## How to complete this task
Using the material below, print a verbatim copy of every line from the one containing "UAE REPAIRS AC" through the one containing "Wilderhope-Manor-Shropshire-Wedding-Venue.png", inclusive, and omit the pictures.

## Supplied entries
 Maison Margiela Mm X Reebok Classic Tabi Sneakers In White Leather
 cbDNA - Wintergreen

--

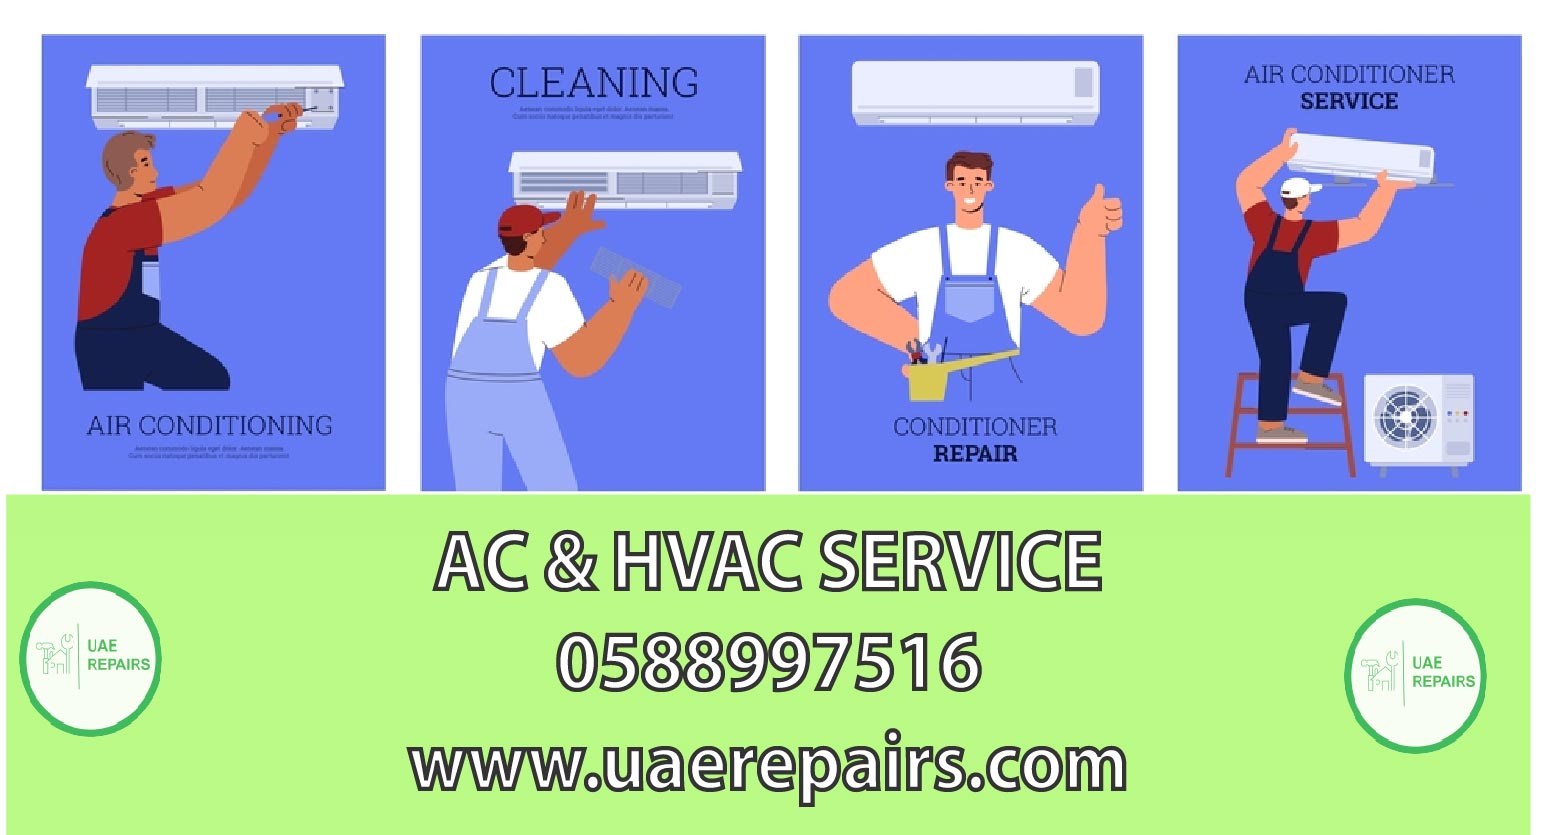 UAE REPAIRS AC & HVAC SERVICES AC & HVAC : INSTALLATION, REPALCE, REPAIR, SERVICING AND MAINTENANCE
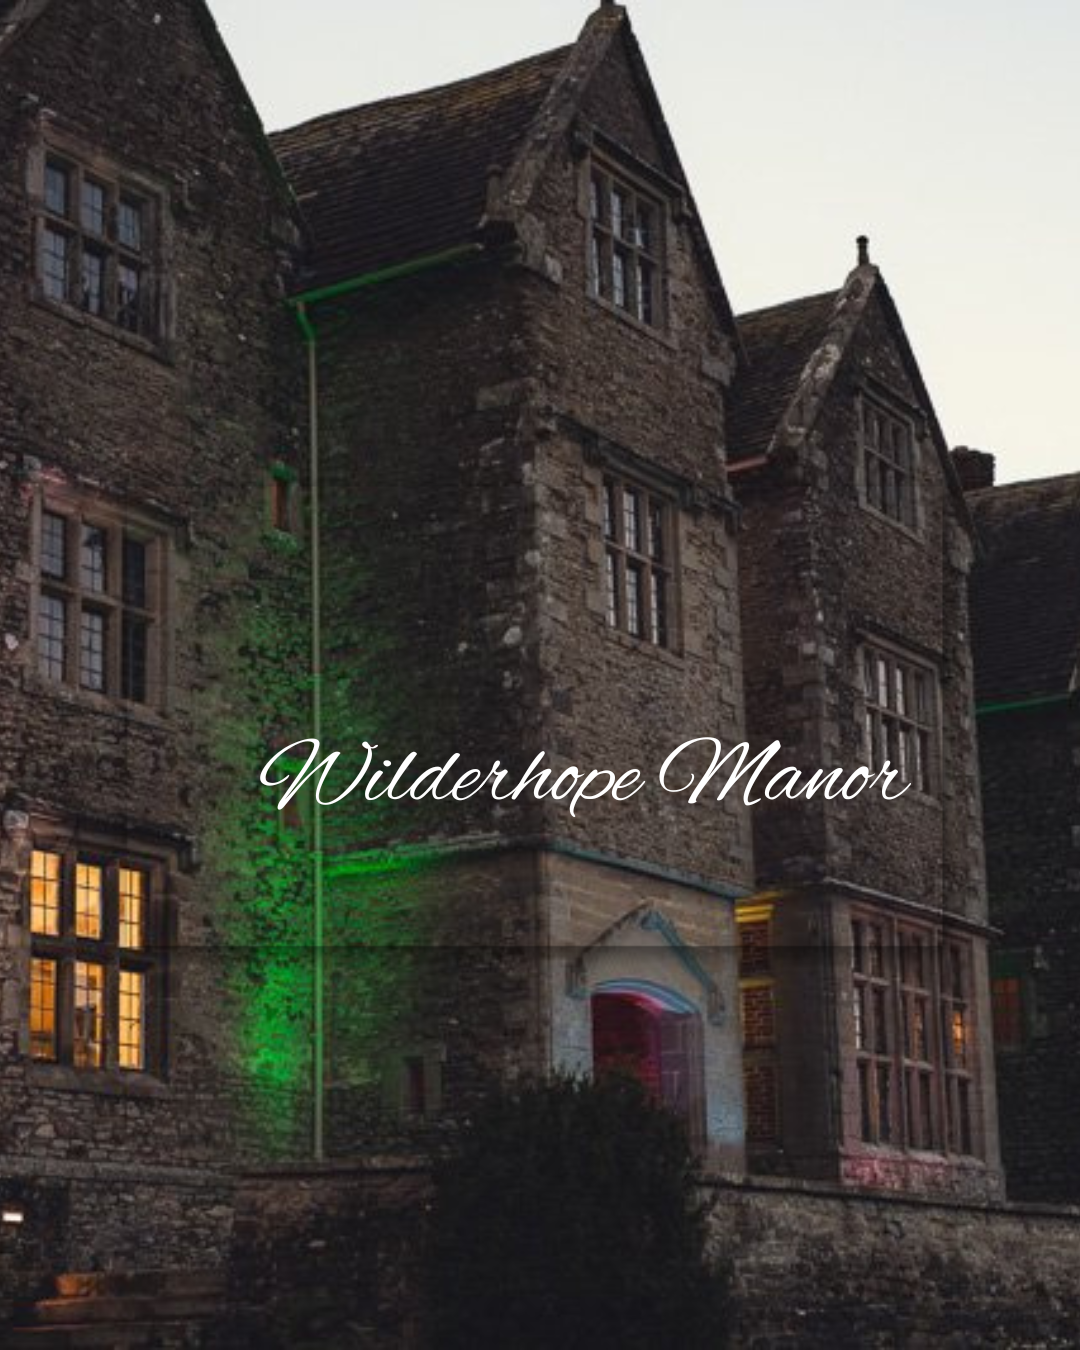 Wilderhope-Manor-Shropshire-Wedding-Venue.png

## Response to the task
 UAE REPAIRS AC & HVAC SERVICES AC & HVAC : INSTALLATION, REPALCE, REPAIR, SERVICING AND MAINTENANCE
 Wilderhope-Manor-Shropshire-Wedding-Venue.png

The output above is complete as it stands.